Reputation: 21
I am trying to build a crawler that gets the movie urls from an imdb list. I am able to get all the links on the page into an array and want to select only those ones with "title" in them.
preg_match_all($pattern, "[125] => href=\"/chart/2000s?mode=popular\" [126] => href=\"/title/tt0111161/\" ", $matches);
where $pattern='/title/'
.
I am getting the following error:
Warning: preg_match_all() [function.preg-match-all]: Delimiter must not be alphanumeric or backslash in C:\xampp\htdocs\phpProject1\index.php on line 53
Any idea on how to go about this?

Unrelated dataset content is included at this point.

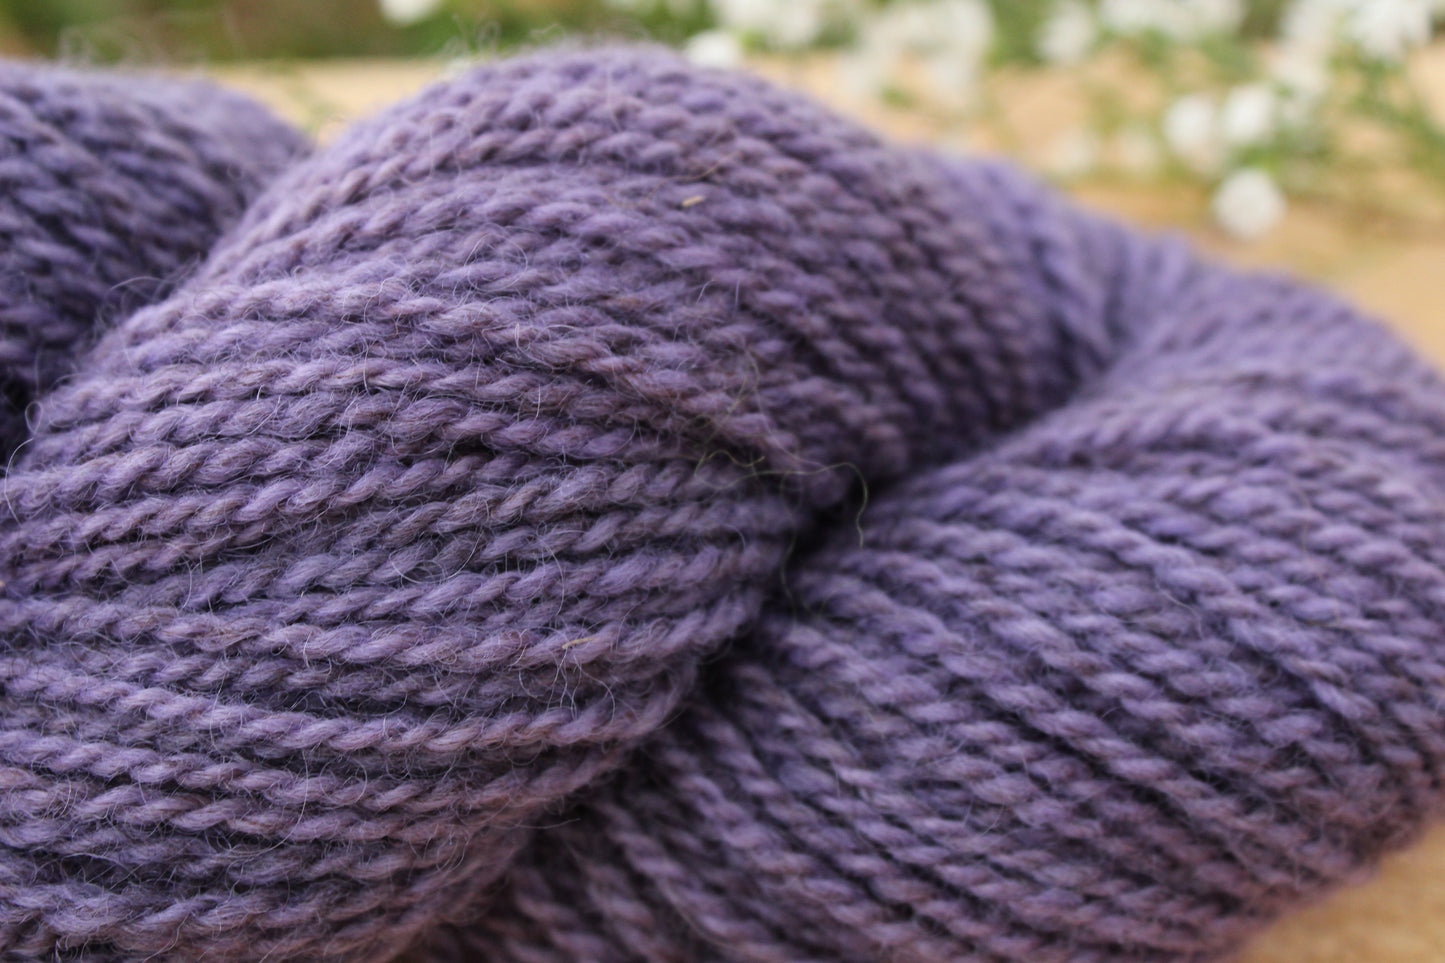 DK weight Hand-dyed Longwool Blend - 2 ply - WISTERIA
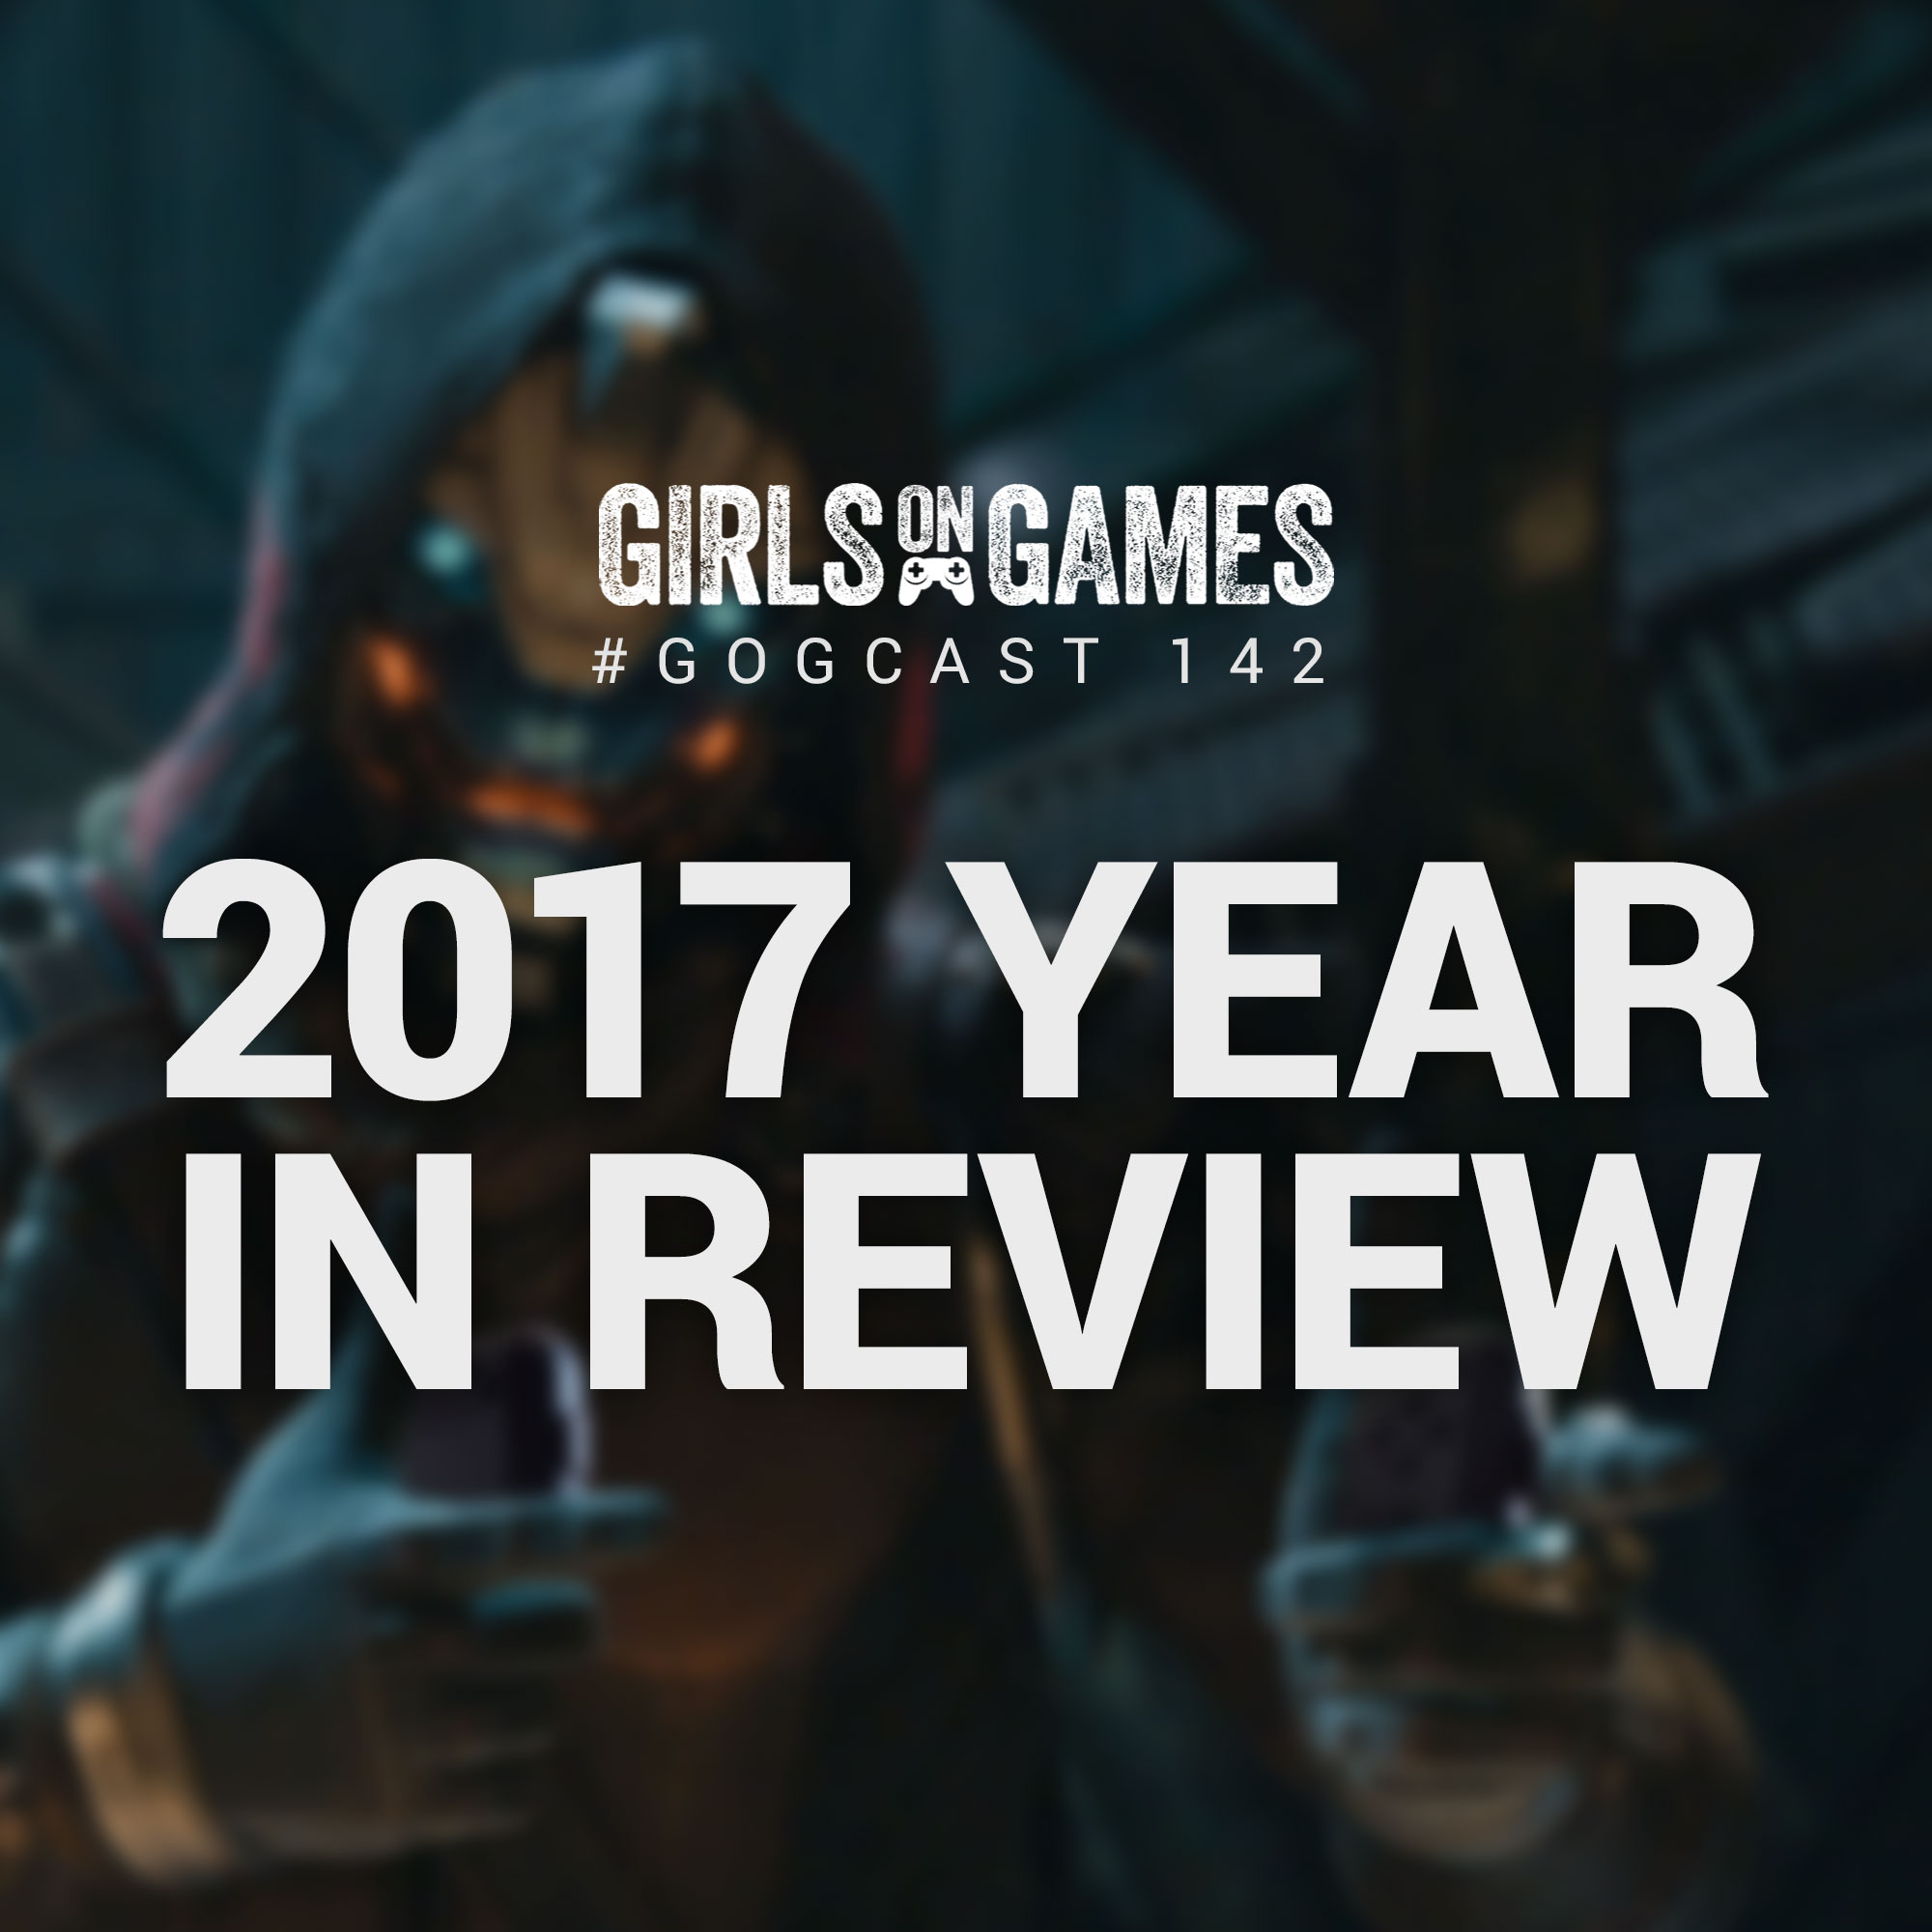 GoGCast 142: 2017 Year in Review

Thanks a lot.
Upvotes: 2
Views: 1263
Reputation: 455132
Are you sure $pattern
is '/title/'
at the time when preg_match_all is called?
The error you are getting comes when the pattern provided to preg_match_all (1st argument) is not properly delimited.
Upvotes: 1
Reputation: 342655
Use a DOM Parser:
// Create DOM from URL or file
$html = file_get_html('http://www.example.com/');
// Find all links containing title as part of their HREF
$links = $html->find('a[href*=title]');
// loop through links and do stuff
foreach($links as $link) {
echo $element->href . '<br>';
}
http://simplehtmldom.sourceforge.net/manual.htm
Upvotes: 1